Exercise aim
Go through the data below and repeat it exactly, skipping each picture.

Available data

★ ★ ★ ★

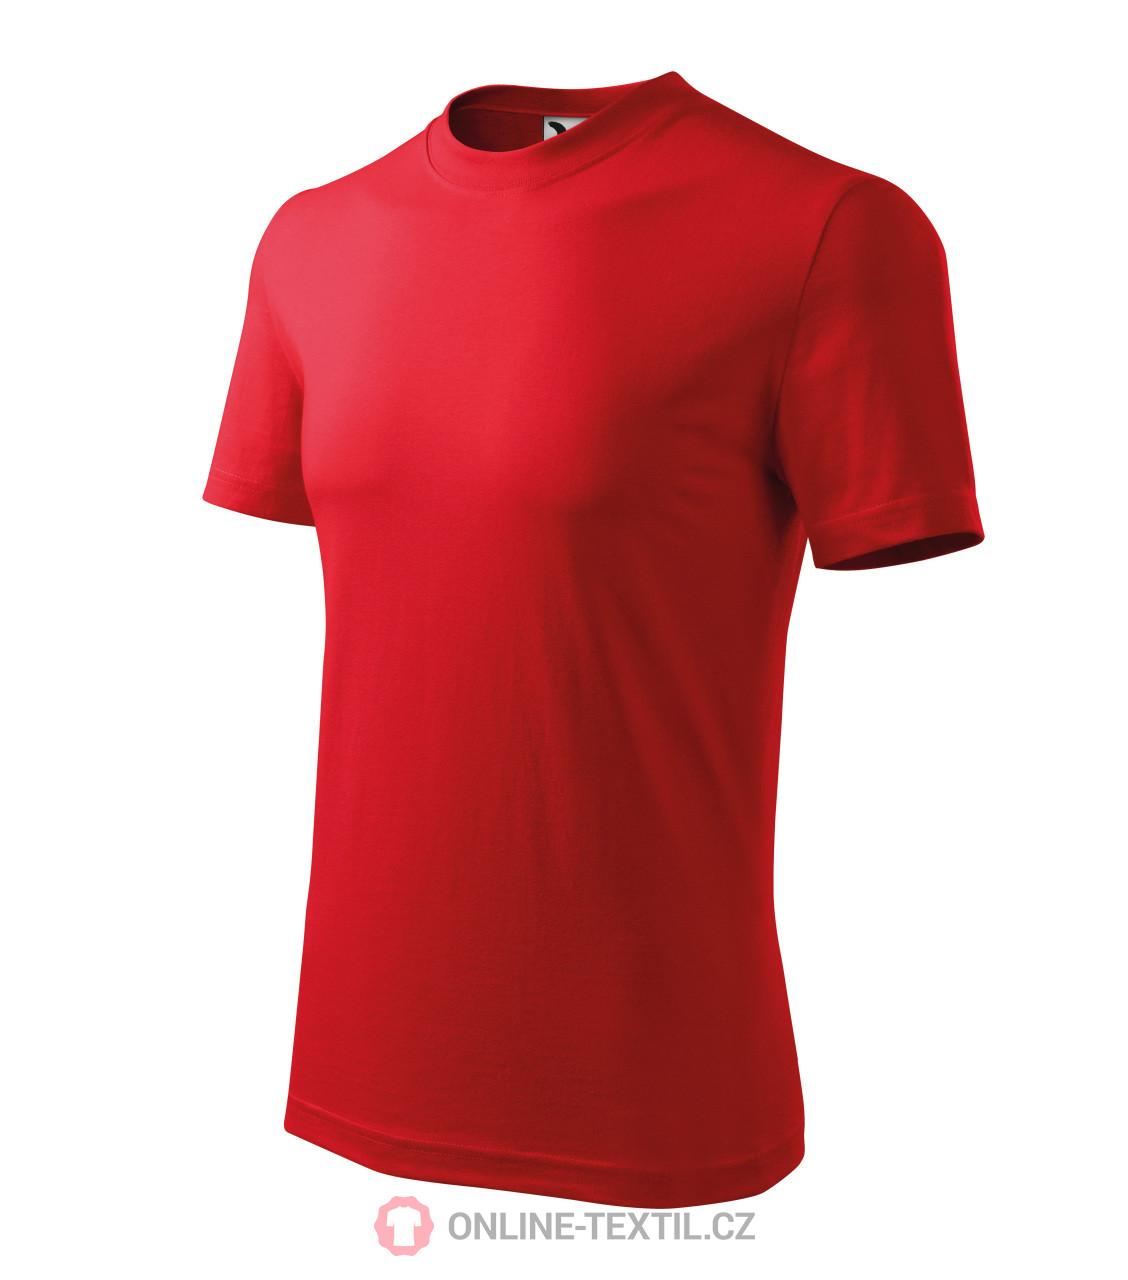 25116f3a2 ADLER CZECH Heavy tričko unisex 11A - červená z kolekcie MALFINI ...
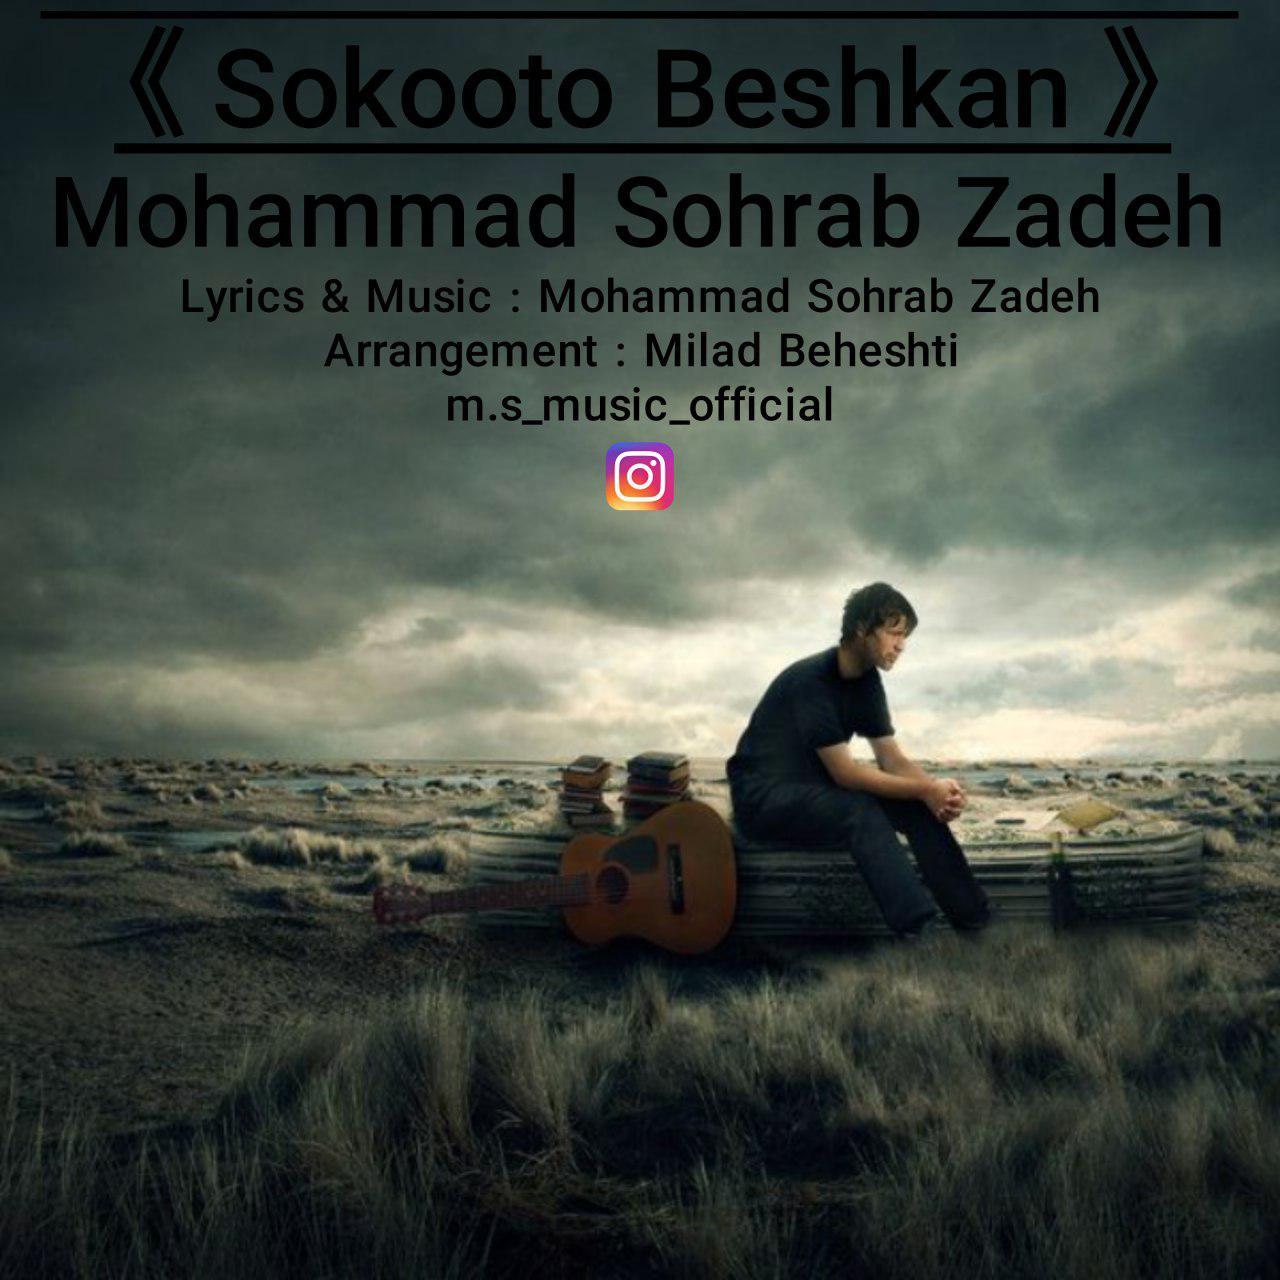 آهنگ   محمد سهراب زاده به نام سکوت بشکن
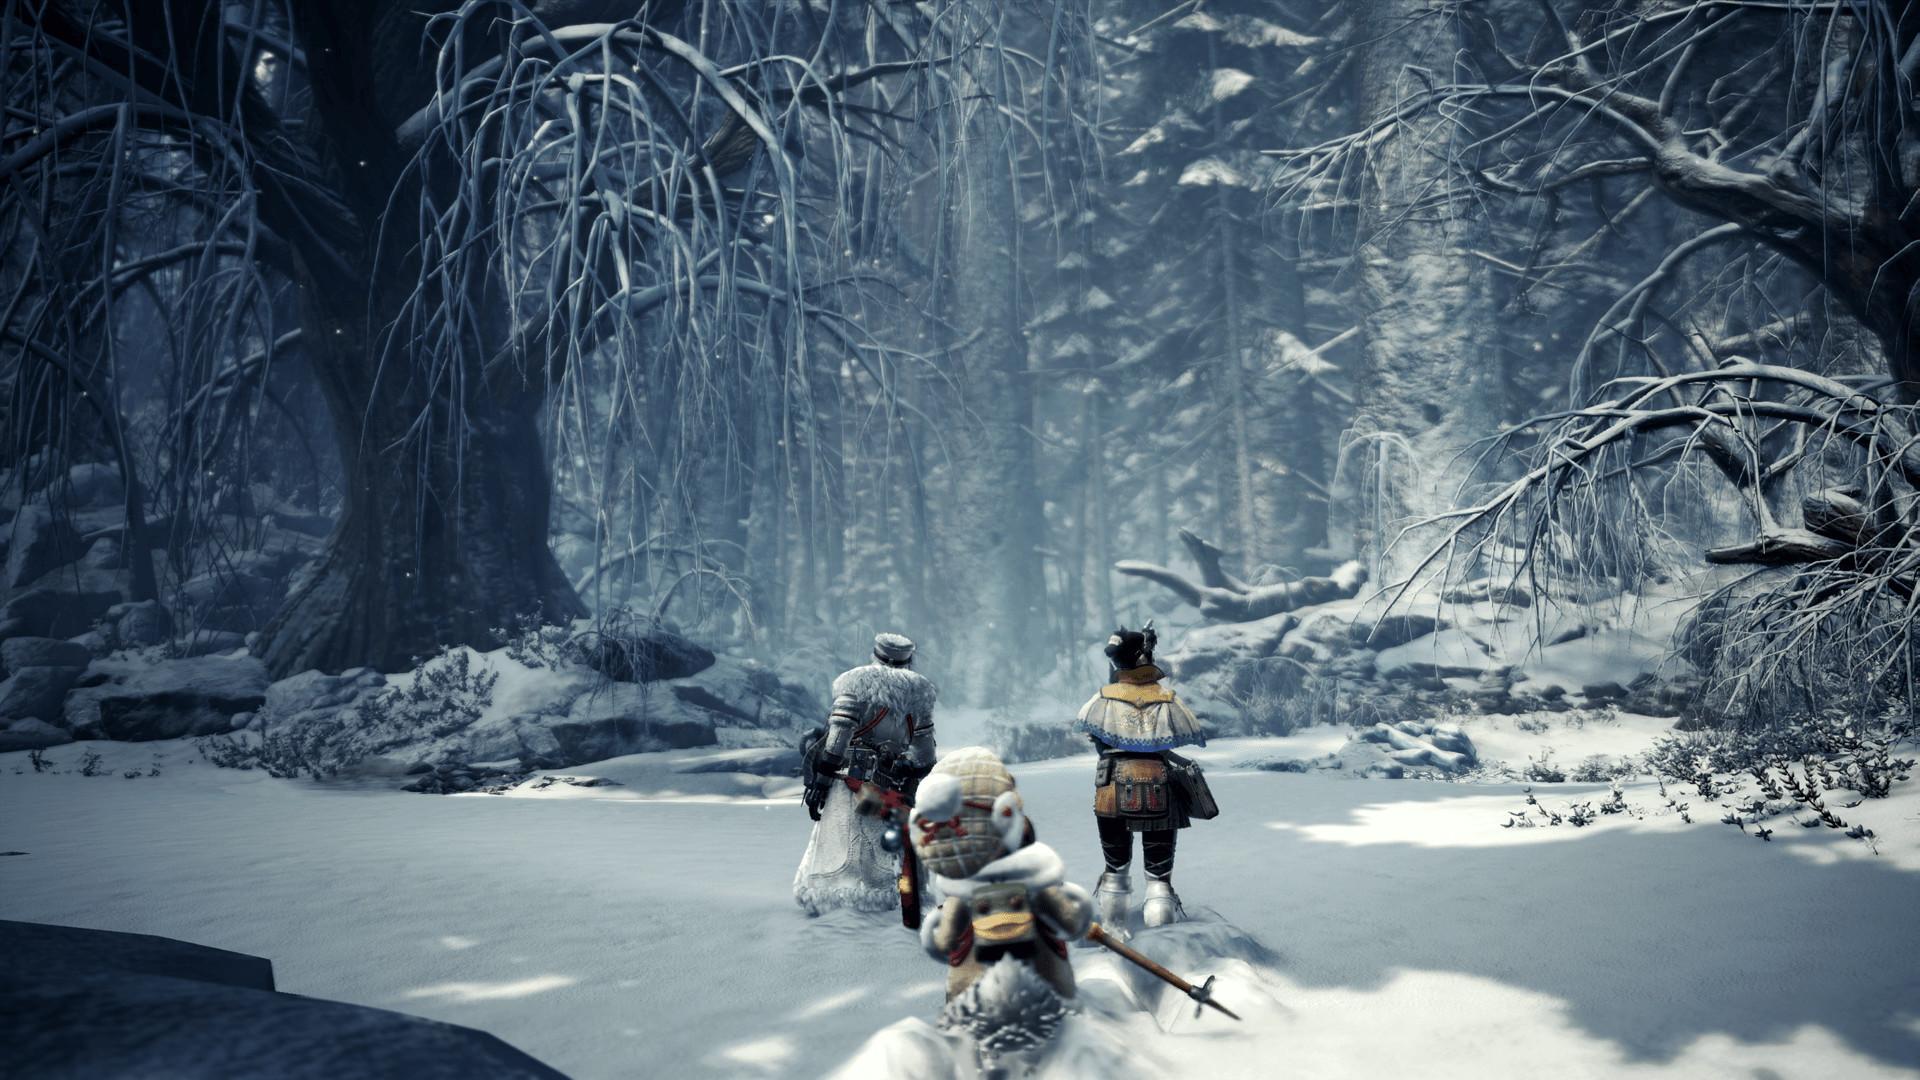 Скриншот 0 - Monster Hunter World: Iceborne [Автоактивация]🔴+PLANET ZOO DELUXE+ARCTIC PACK

★ ★ ★ ★

Response to the task
 25116f3a2 ADLER CZECH Heavy tričko unisex 11A - červená z kolekcie MALFINI ...
 آهنگ   محمد سهراب زاده به نام سکوت بشکن
 Скриншот 0 - Monster Hunter World: Iceborne [Автоактивация]🔴+PLANET ZOO DELUXE+ARCTIC PACK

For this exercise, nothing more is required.